* **Material provided**
* * *

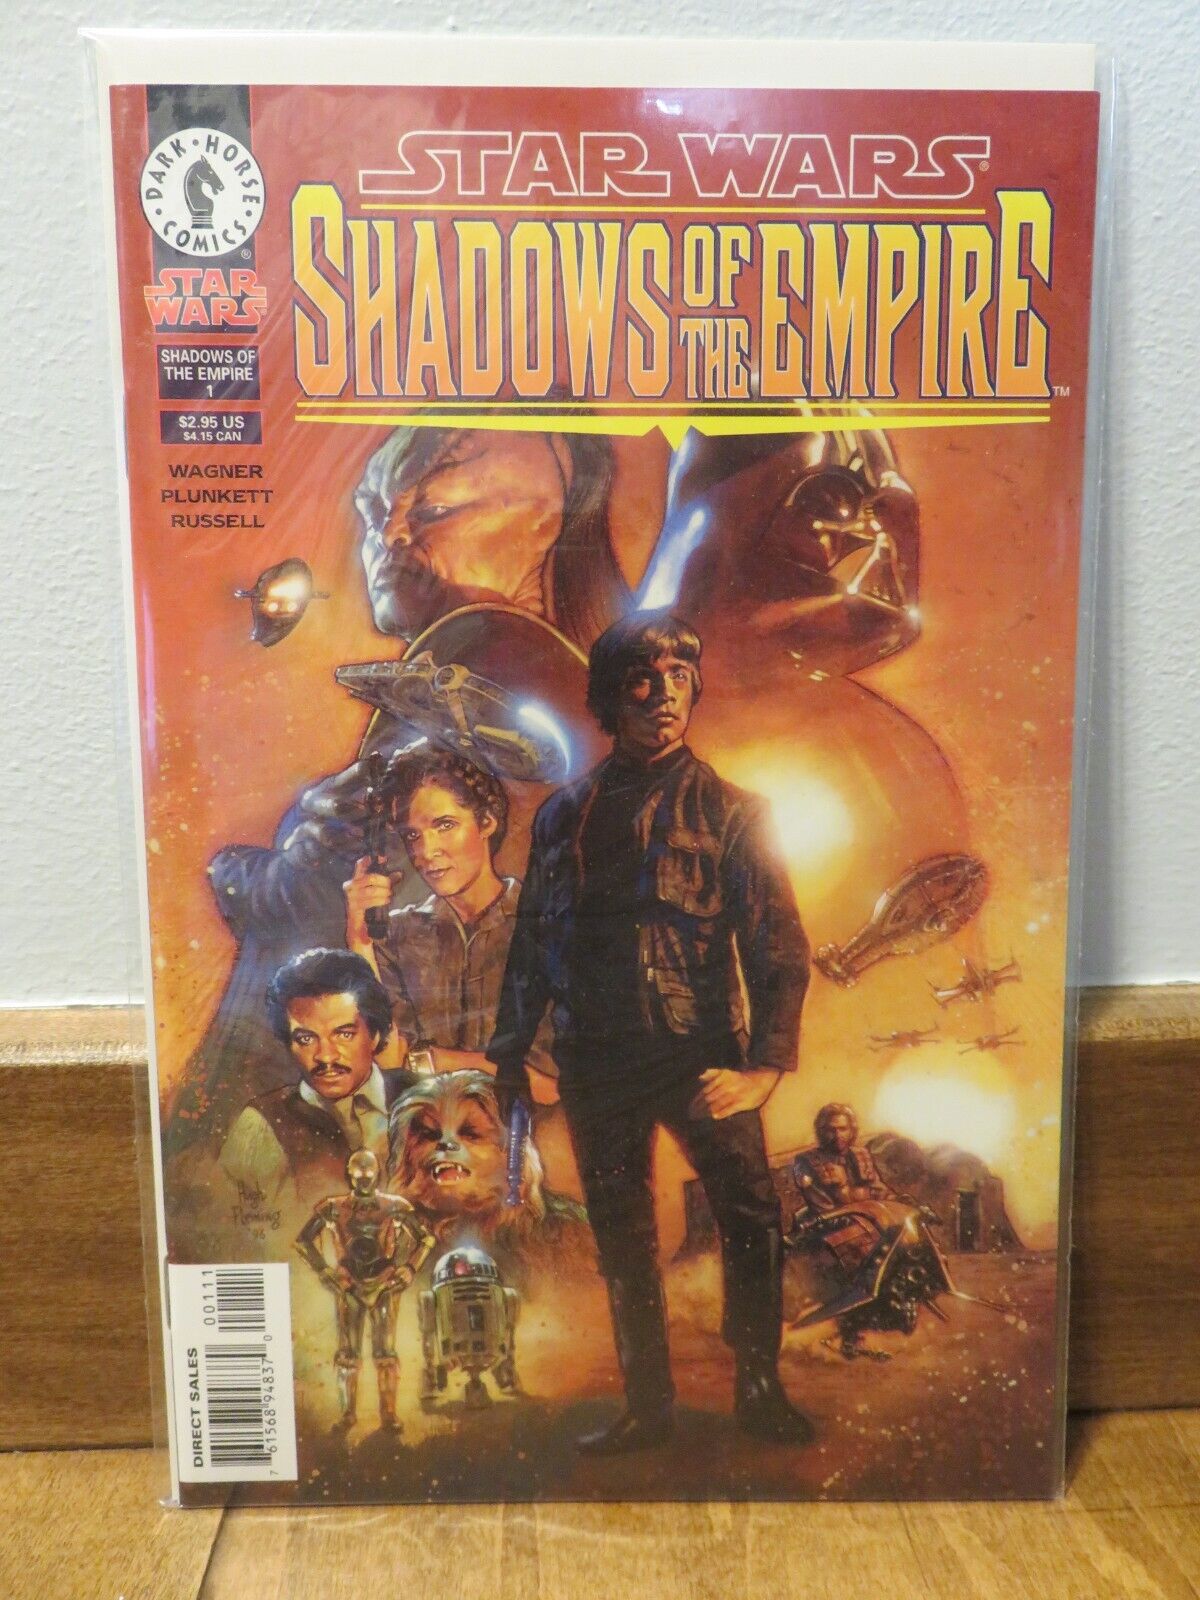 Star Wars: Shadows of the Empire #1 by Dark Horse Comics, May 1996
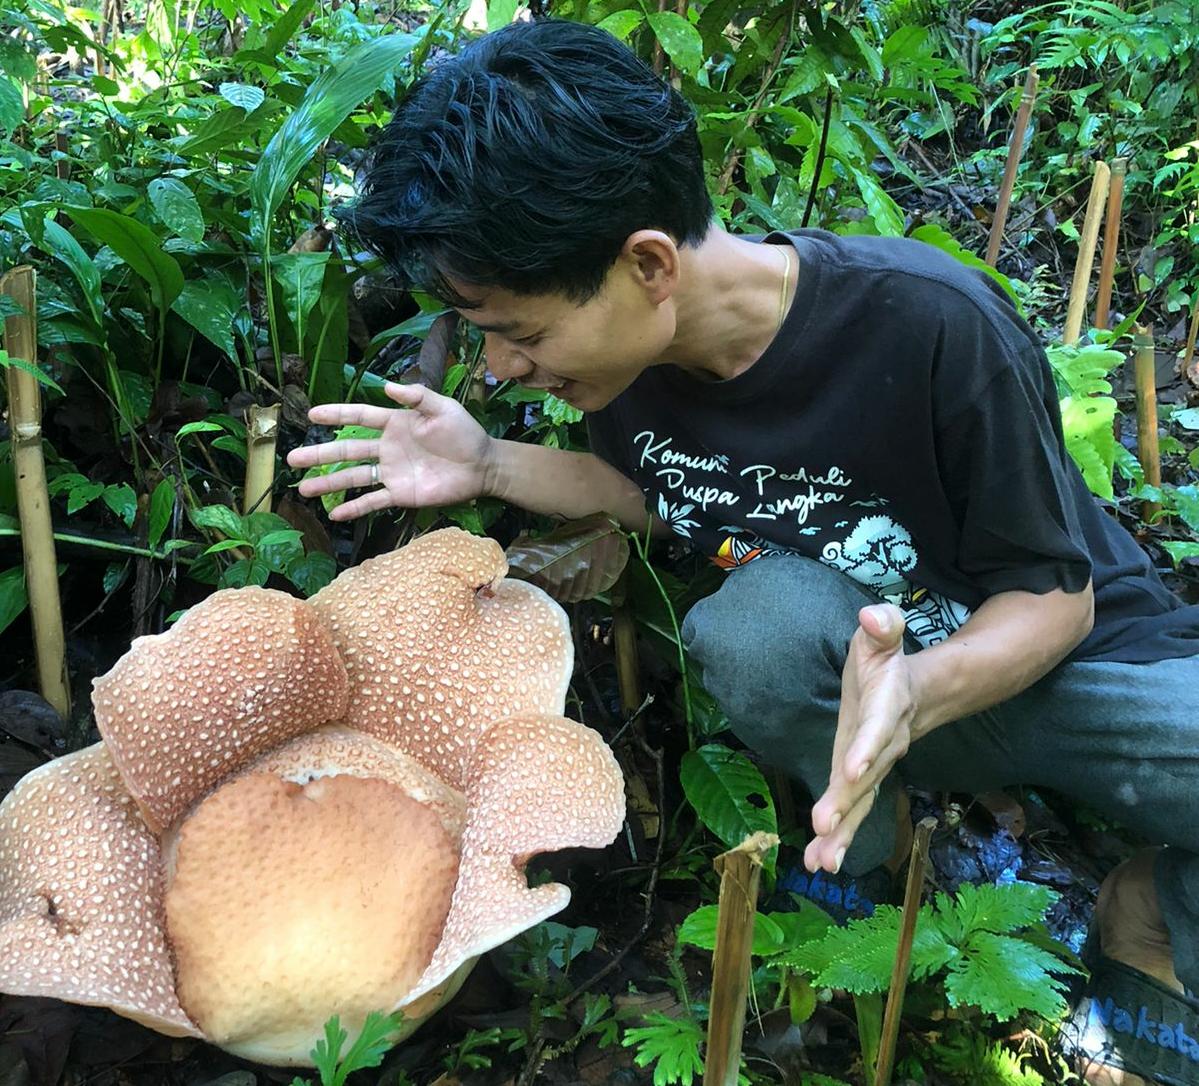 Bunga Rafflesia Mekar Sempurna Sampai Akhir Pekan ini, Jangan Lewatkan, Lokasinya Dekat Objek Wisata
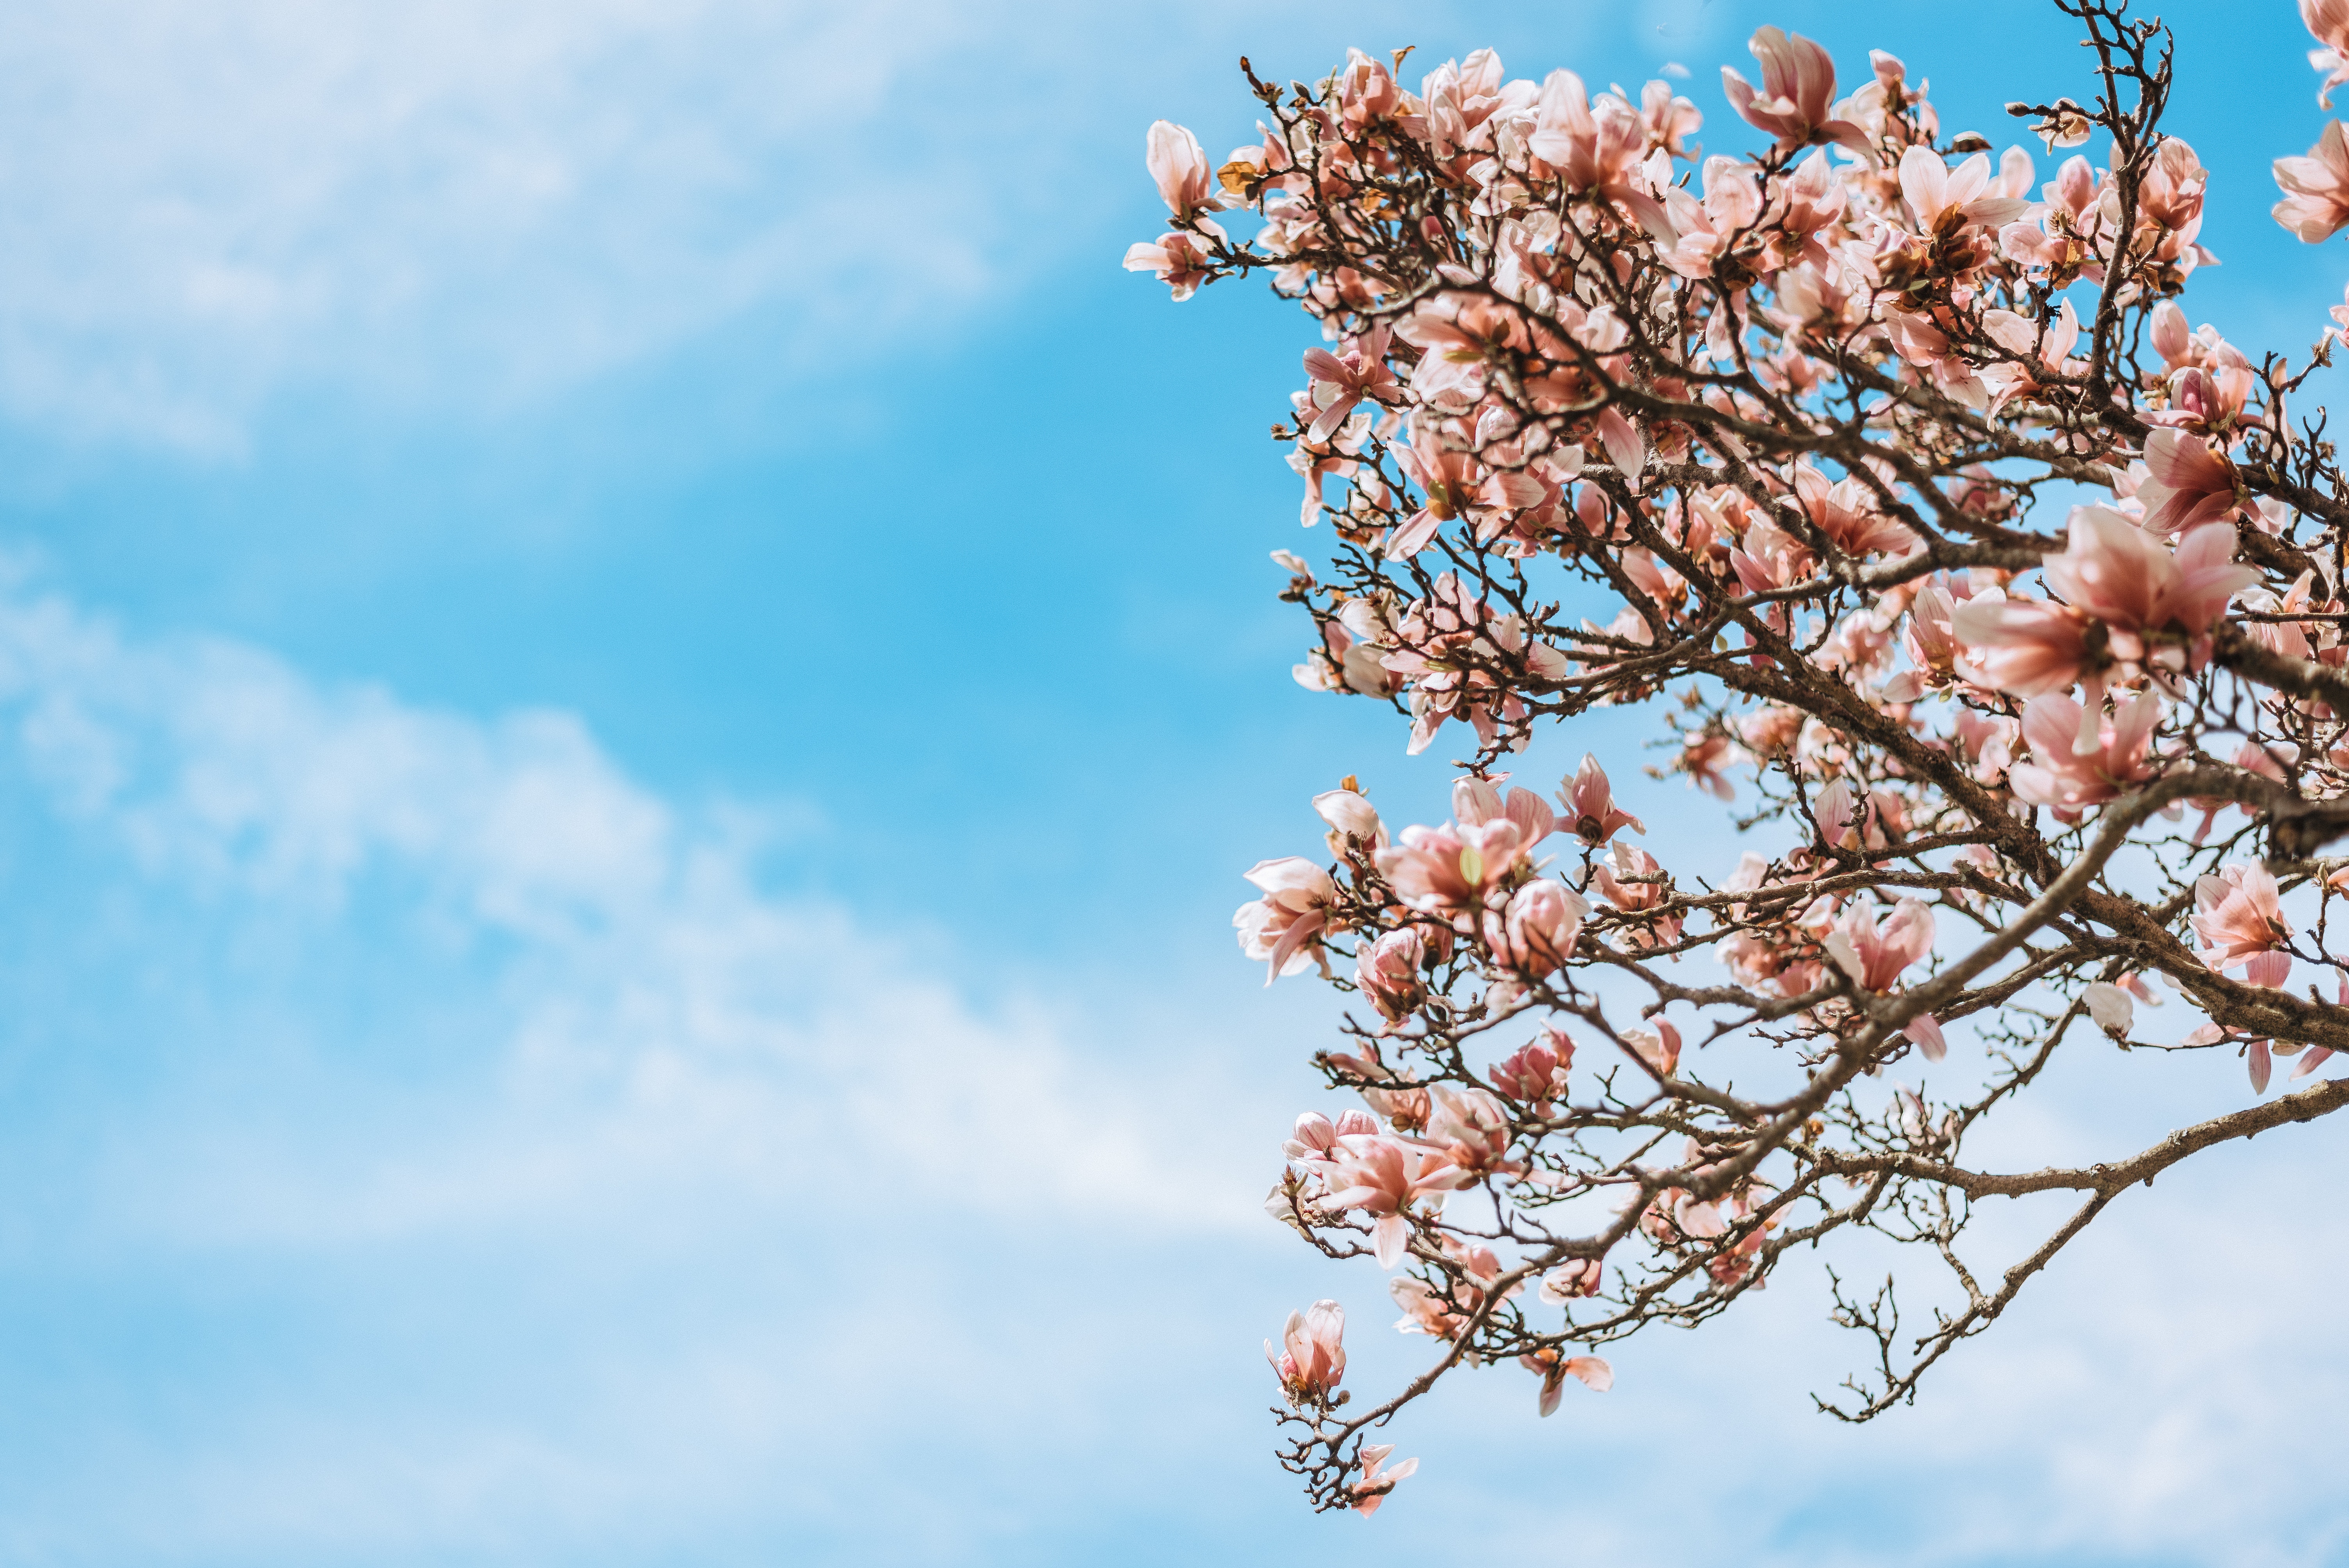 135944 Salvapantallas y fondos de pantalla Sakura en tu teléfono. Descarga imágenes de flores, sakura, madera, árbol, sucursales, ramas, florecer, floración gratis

* * *

* **Task requirements**
The expected response is every line of the material, written out exactly, with the images removed.

* **Task solution**
 Star Wars: Shadows of the Empire #1 by Dark Horse Comics, May 1996
 Bunga Rafflesia Mekar Sempurna Sampai Akhir Pekan ini, Jangan Lewatkan, Lokasinya Dekat Objek Wisata
 135944 Salvapantallas y fondos de pantalla Sakura en tu teléfono. Descarga imágenes de flores, sakura, madera, árbol, sucursales, ramas, florecer, floración gratis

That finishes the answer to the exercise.